This in particular allows for a test leakage analysis to be carried out in an automated manner. Furthermore, it may be provided that the evaluation takes place at least partially on the basis of machine learning. It can thus be feature of the present invention to use the capabilities of machine learning (ML) in an automated manner in order to support a test leakage analysis. This achieves the advantage that the effort involved in identifying test leakages can be reduced. Furthermore, the method can help the tests to become more comprehensive and mature. The use of AI (artificial intelligence) can make it possible to produce more sophisticated software and to create more intelligent automated tests by said AI learning from detected errors or bugs.

Test cases are an important component within the scope of software tests and are used to ensure that the software functions flawlessly and reliably. A test case for software tests can be defined by a specific instruction and/or by a set of steps. The instruction and/or the steps can describe what is to be tested, in particular functions of a software, and/or how it is to be tested, and/or what results are expected. In this respect, a test objective for the test case can be specified and the test conditions can be defined. Furthermore, it can be defined for the test case, in particular step by step, what is to be tested, including the actions that need to be taken to achieve the test objective. The expected results for the test case can then be defined. However, in practice, errors often occur in such test cases where a function experiences a code change affecting parameters used to identify the function. Examples of such changes include changing the label parameter, changing the type of an object, or changing the parent container. If a function has changed, an identification of the element can fail, and the test may also perform unintended actions, which can lead to a cascade of errors. The adaptation and maintenance with regard to such changes traditionally required considerable effort to investigate, update, and repeat successive tests in order to verify the corrected test case.

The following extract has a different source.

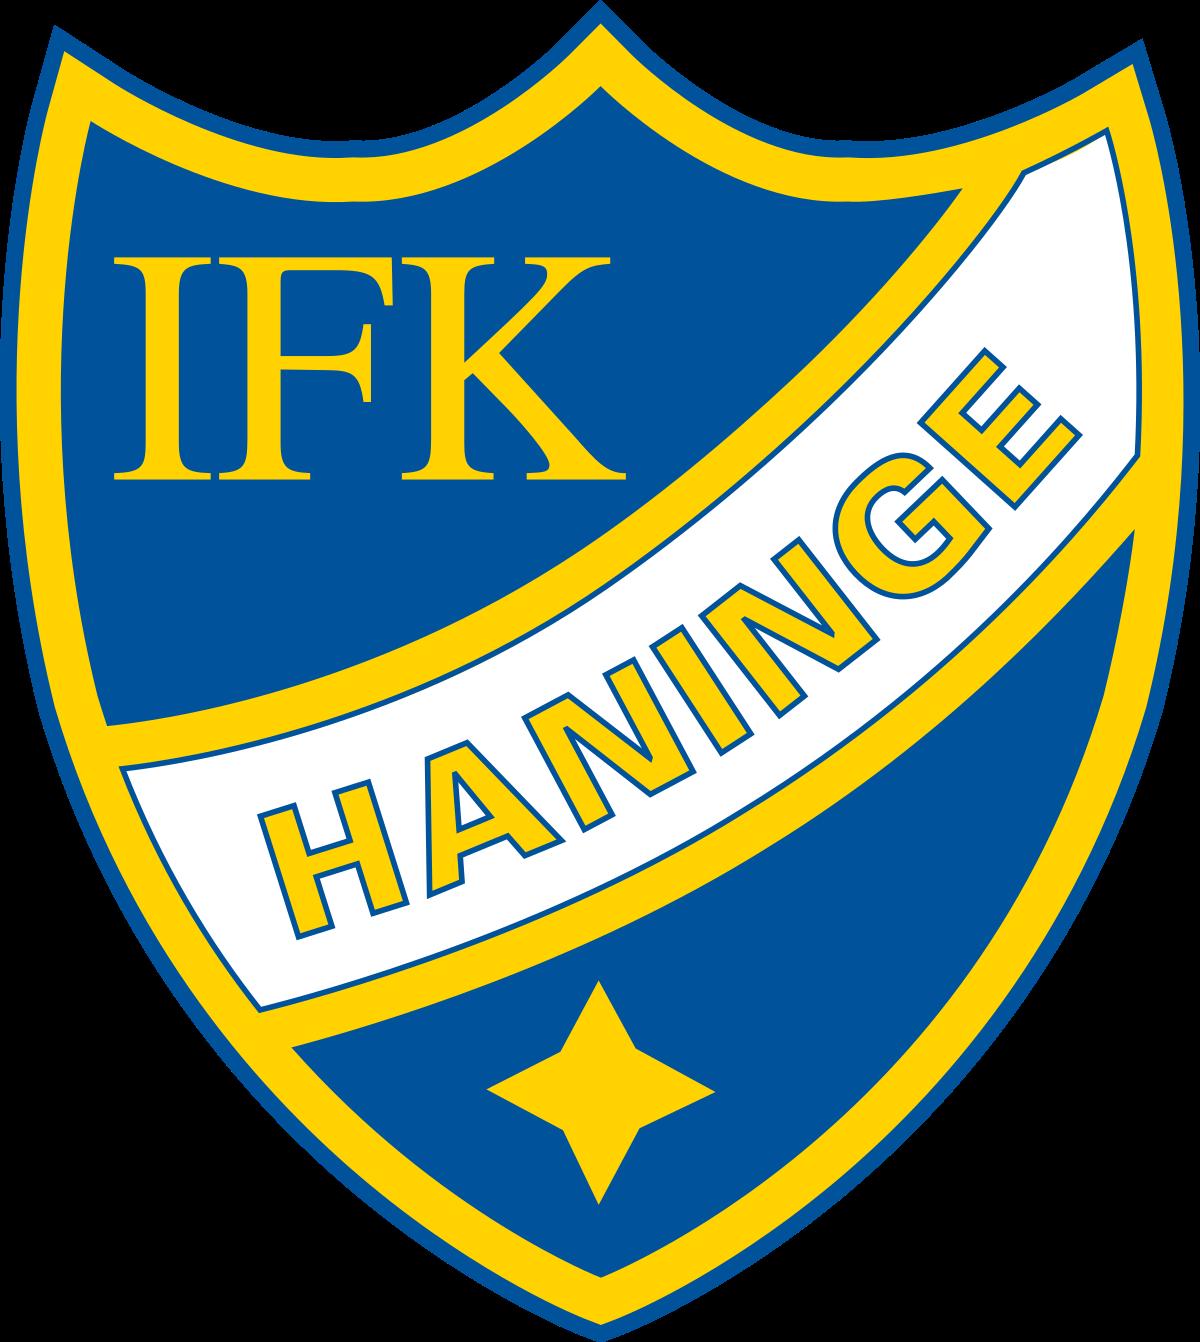 IFK Haninge

It may also be possible that the method according to and example embodiment of the present invention generates, on the basis of the evaluation carried out, a test case that is suitable for reproducing the incorrect execution. In other words, a new test case that is suitable for reproducing the incorrect execution in contrast to the existing test cases can be generated. The generation of the test case can, for example, take place by means of a machine learning model trained for this purpose. This has the advantage that the consideration of the similarity of the execution context by machine learning can be trained in an automated manner to on this basis generate a test case that was still missing in the software tests for a comprehensive check of the software.

The execution context can in particular comprise information that specifies the context with regard to the inputs and/or outputs of the software and, if necessary, further execution conditions in the execution of the software according to the test case or in the incorrect execution. For this purpose, the execution context can, for example, be specified by a log of inputs and/or outputs of the software.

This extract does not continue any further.